Use set_base_url() when running on a non-default port.

Upserting Vectors

The index.upsert() method adds or updates vectors in an existing index.


from endee import Endee
 
client = Endee()
index = client.get_index(name="my_index")
 
index.upsert([
    {
        "id": "vec1",
        "vector": [...],
        "meta": {"title": "First document"},
        "filter": {"category": "tech"}
    },
    {
        "id": "vec2",
        "vector": [...],
        "meta": {"title": "Second document"},
        "filter": {"category": "science"}
    }
])

Vector Object Fields:

Field	Required	Description
`id`	Yes	Unique identifier for the vector
`vector`	Yes	Array of floats representing the embedding
`meta`	No	Arbitrary metadata object
`filter`	No	Key-value pairs for filtering during queries

Querying the Index

The index.query() method performs a similarity search using a query vector.


results = index.query(
    vector=[...],
    top_k=5,
    ef=128,
    include_vectors=True
)
 
for item in results:
    print(f"ID: {item['id']}, Similarity: {item['similarity']}")

Query Parameters:

Parameter	Description
`vector`	Query vector (must match index dimension)
`top_k`	Number of results to return (default: 10, max: 512)
`ef`	Search quality parameter (default: 128, max: 1024)
`include_vectors`	Include vector data in results (default: False)
`prefilter_cardinality_threshold`	Controls when search switches from HNSW filtered search to brute-force prefiltering on the matched subset (default: 10,000, range: 1,000–1,000,000)
`filter_boost_percentage`	Expands the internal HNSW candidate pool by this percentage when a filter is active, compensating for filtered-out results (default: 0, range: 0–100)

Filtered Querying

Use the filter parameter to restrict results based on filter conditions.
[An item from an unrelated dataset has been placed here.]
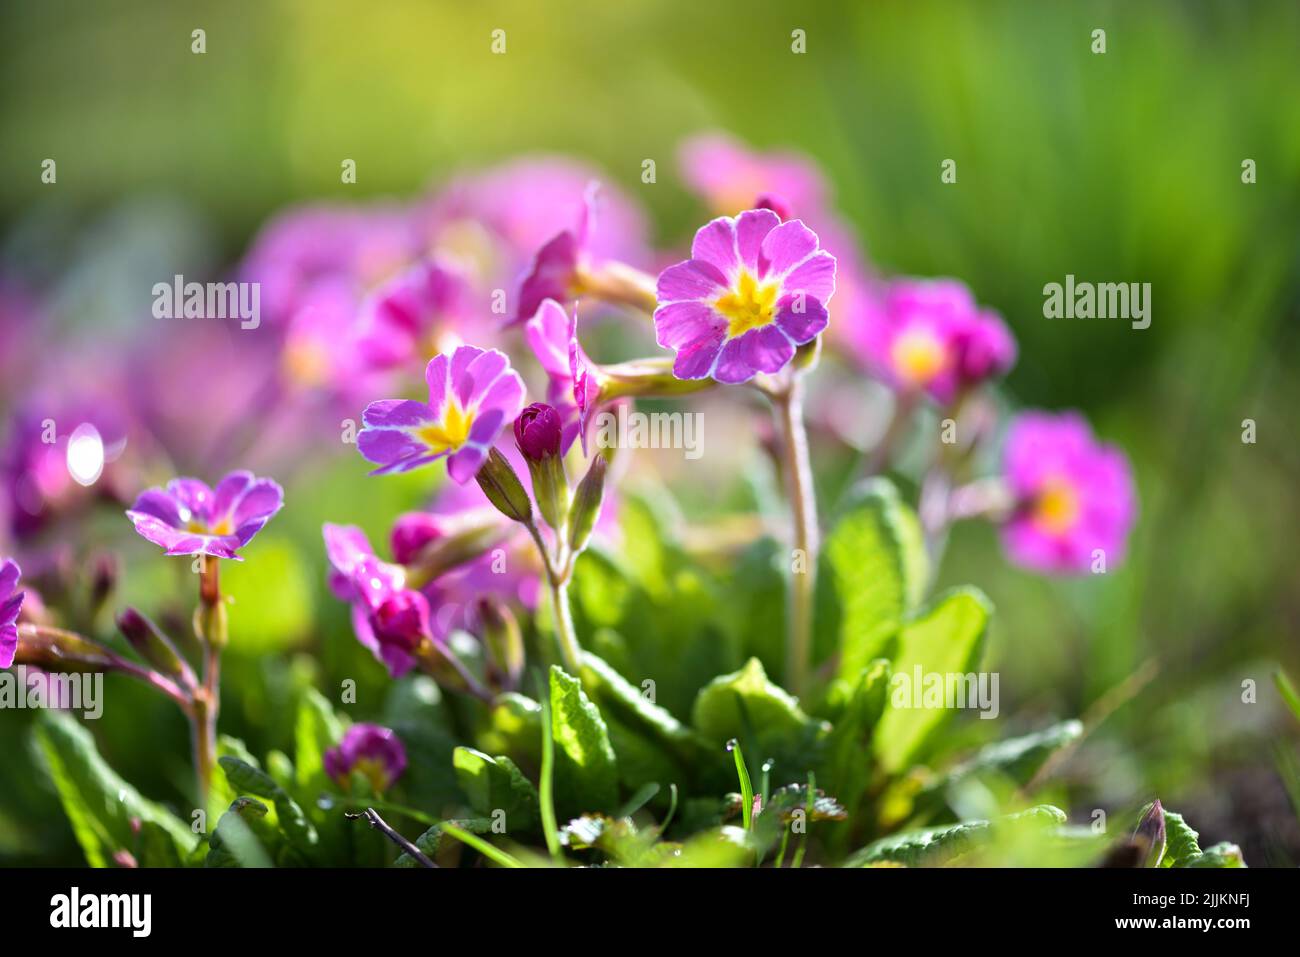 Spring flowers of Primula juliae (Julias Primrose) or purple primrose in the spring garden. Stock Photo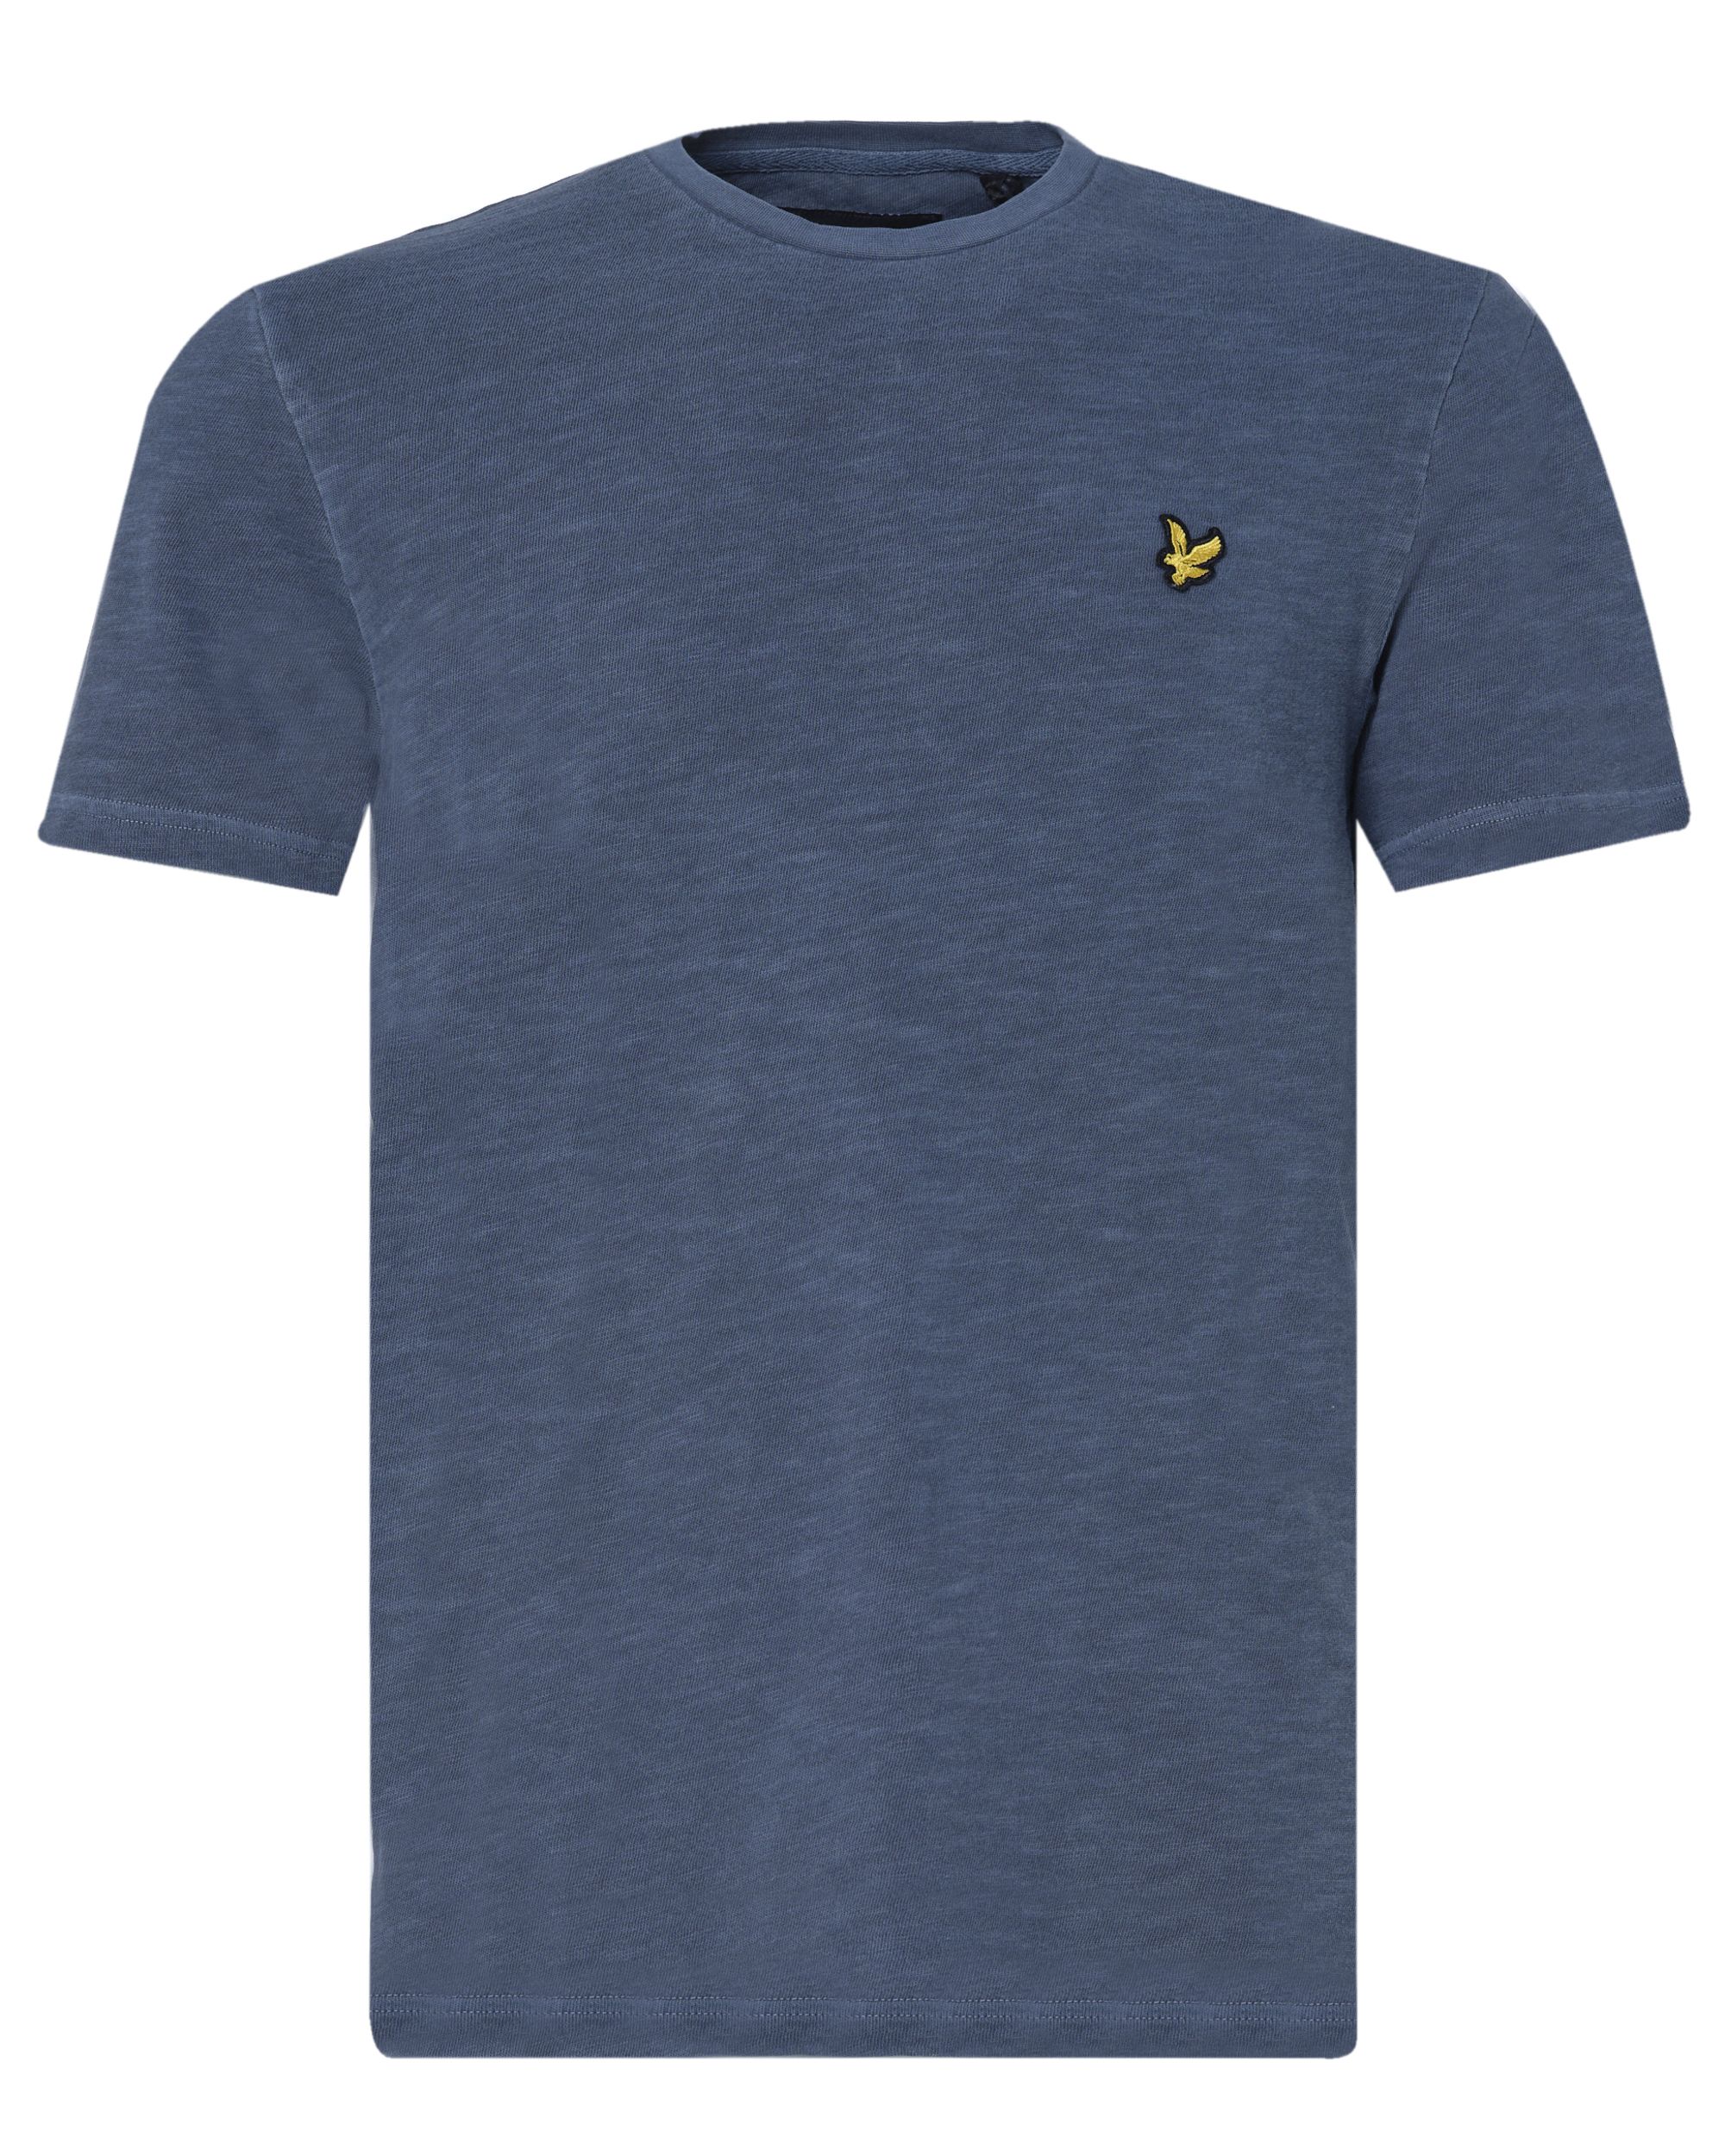 Lyle & Scott T-shirt KM Donker blauw 078879-002-L

All filters are combined with logical AND.


results = index.query(
    vector=[...],
    top_k=5,
    filter=[
        {"category": {"$eq": "tech"}},
        {"score": {"$range": [80, 100]}}
    ]
)

Filtering Operators

Operator	Description	Example
`$eq`	Exact match	`{"status": {"$eq": "published"}}`
`$in`	Match any in list	`{"tags": {"$in": ["ai", "ml"]}}`
`$range`	Numeric range (inclusive)	`{"score": {"$range": [70, 95]}}`

The $range operator supports values within [0 – 999]. Normalize larger values before upserting.

Filter Tuning

When using filtered queries, two optional parameters let you tune the trade-off between search speed and recall.

Prefilter Cardinality Threshold

Controls when the search strategy switches from HNSW filtered search (fast, graph-based) to brute-force prefiltering (exhaustive scan on the matched subset).

Value	Behavior
`1,000`	Prefilter only for very selective filters — minimum value
`10,000`	Prefilter only when the filter matches ≤ 10,000 vectors (default)
`1,000,000`	Prefilter for almost all filtered searches — maximum value

When very few vectors match your filter, HNSW may struggle to find enough valid candidates through graph traversal. In that case, scanning the filtered subset directly (prefiltering) is faster and more accurate. Raising the threshold means prefiltering kicks in more often; lowering it favors HNSW graph search.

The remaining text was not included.